Introduce np.split(ary, indices_or_sections, axis=0):

If indices_or_sections is a 1-D array of sorted integers, the entries indicate where along axis the array is split. For example, [2, 3] would, for axis=0, result in [ary[:2], ary[2:3], ary[3:]].

First we define a function to generate such a indices_or_sections based on the DataFrame’s number of rows and the chunk size:

# FIXME: See update below
def index_marks(nrows, chunk_size):
    return range(1 * chunk_size, (nrows // chunk_size + 1) * chunk_size, chunk_size)

indices = list(chunk_marks(dfm.shape[0], 100))
print("Marks: {}".format(indices))

# Output:
#   Marks: [100, 200, 300, 400, 500]

So here we are going to cut dfm into a list of sub DataFrames, [dfm[0:100], dfm[100:200], dfm[200:300], dfm[300:400], dfm[400:500], dfm[500:569]].

import numpy as np

def split(dfm, chunk_size):
    indices = index_marks(dfm.shape[0], chunk_size)
    return np.split(dfm, indices)

chunks = split(dfm, 100)
for c in chunks:
    print("Shape: {}; {}".format(c.shape, c.index))

# Output:
    Shape: (100, 30); RangeIndex(start=0, stop=100, step=1)
    Shape: (100, 30); RangeIndex(start=100, stop=200, step=1)
    Shape: (100, 30); RangeIndex(start=200, stop=300, step=1)
    Shape: (100, 30); RangeIndex(start=300, stop=400, step=1)
    Shape: (100, 30); RangeIndex(start=400, stop=500, step=1)
    Shape: (69, 30); RangeIndex(start=500, stop=569, step=1)

01/06/2020 Update

Thank Kurt Wheeler for the comments below! When nrows is devisible by chunk_size (e.g. nrow == 1000 and chunk_size == 100), my index_marks() function will generate an index marker that is equal to the number of rows of the matrix, and np.split() will thus output an empty chunk in the end.
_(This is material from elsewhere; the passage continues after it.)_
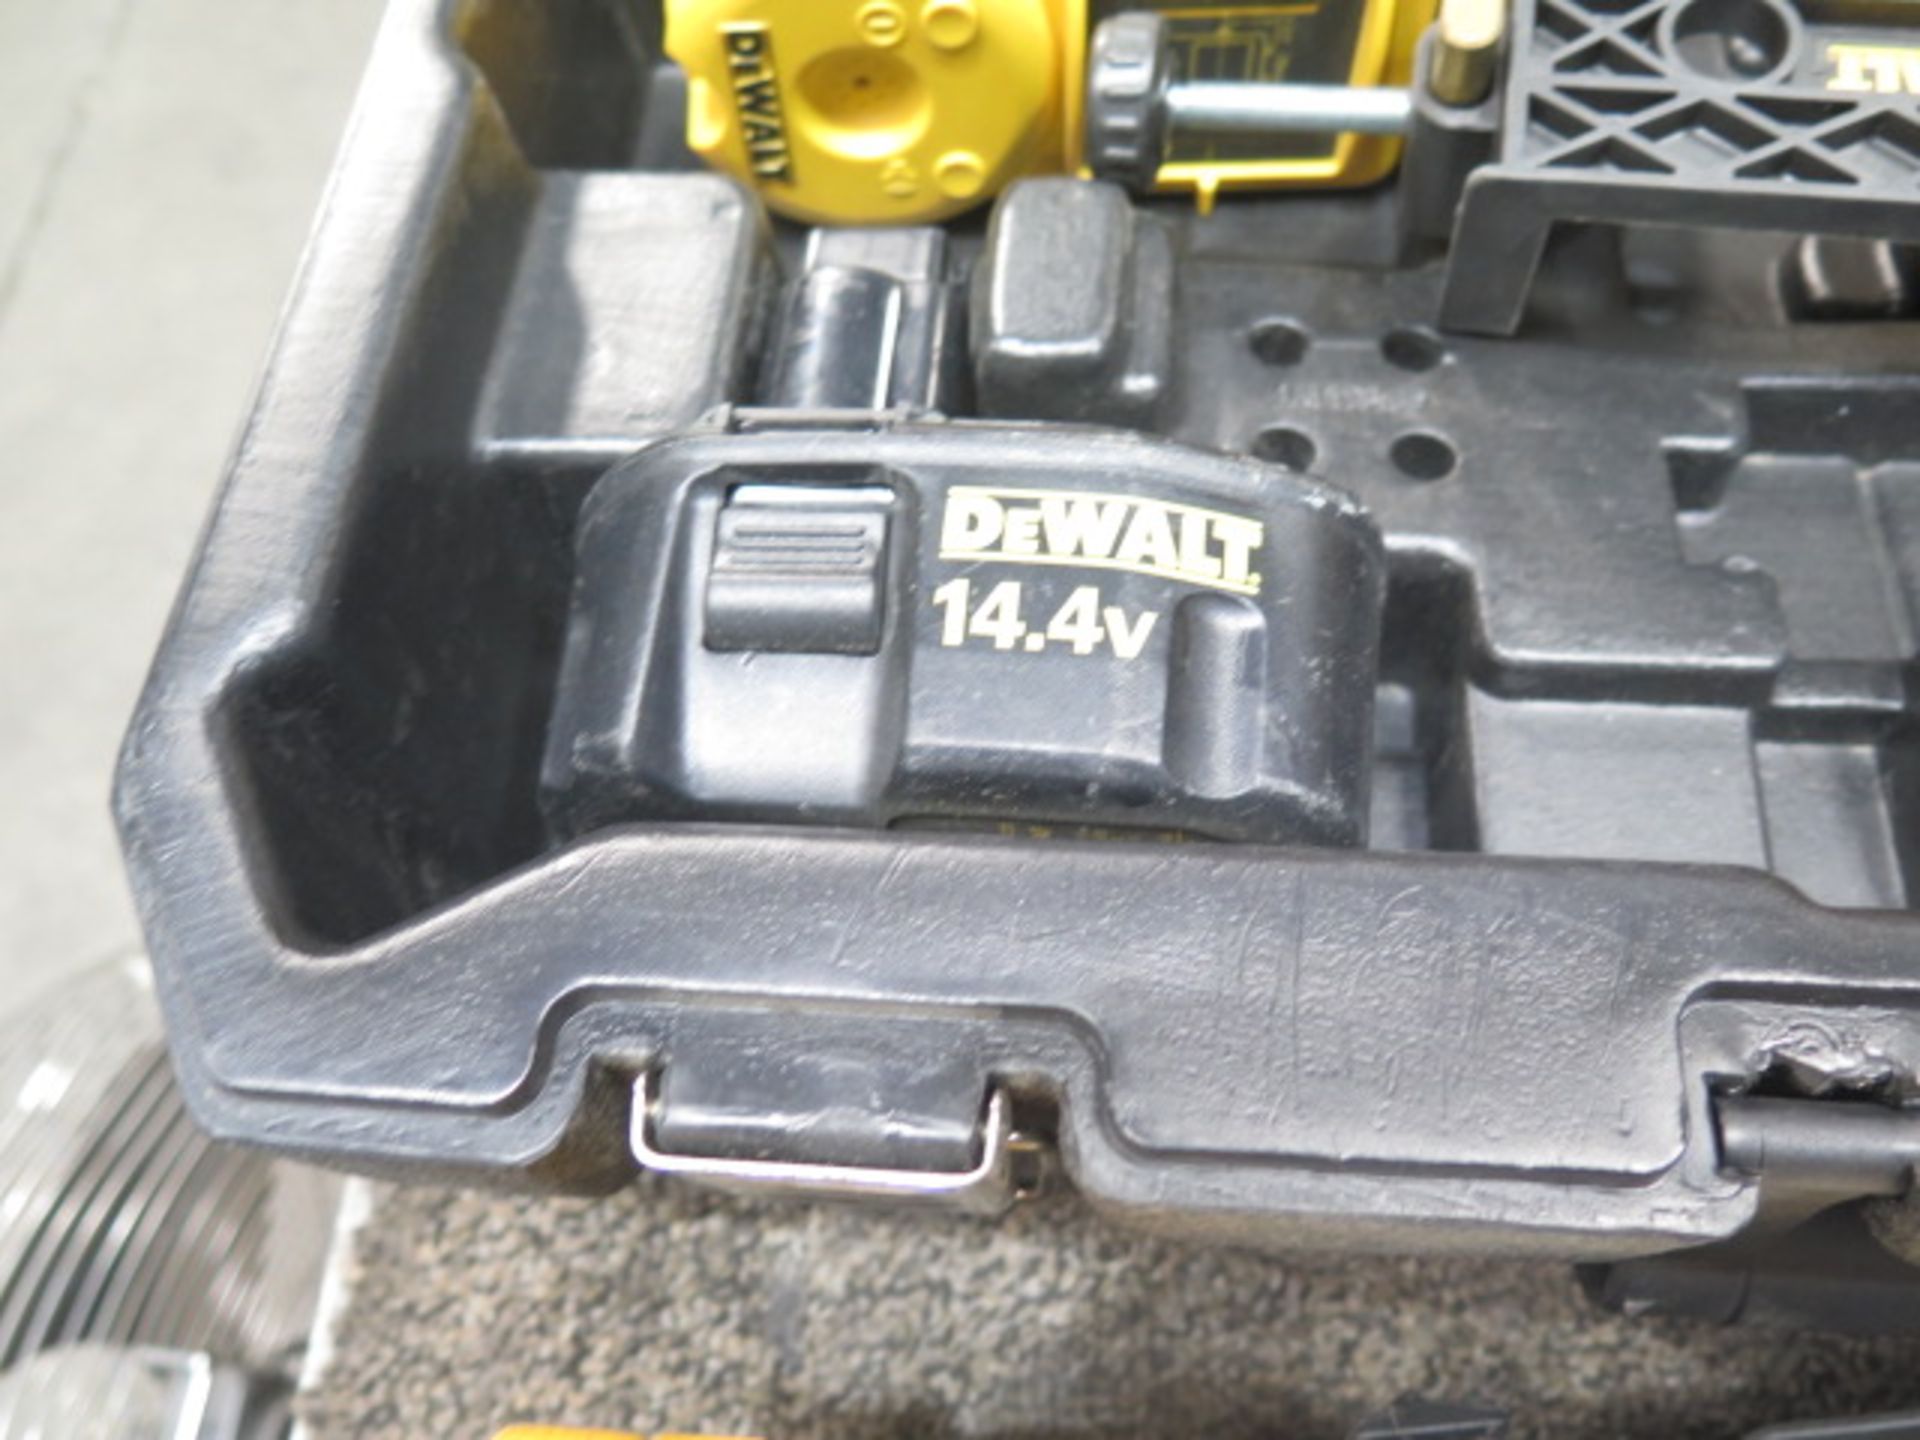 DeWalt mdl. DW073 18V Cordless Rotary Laser w/ Tripod Stand (SOLD AS-IS - NO WARRANTY) - Image 8 of 9

Kurt Wheeler has proposed a better solution for index_marks():

import math

def index_marks(nrows, chunk_size):
    return range(chunk_size, math.ceil(nrows / chunk_size) * chunk_size, chunk_size)

On the other hand, you can iterate all the chunks returned by np.split() and exclude the last one if it’s empty.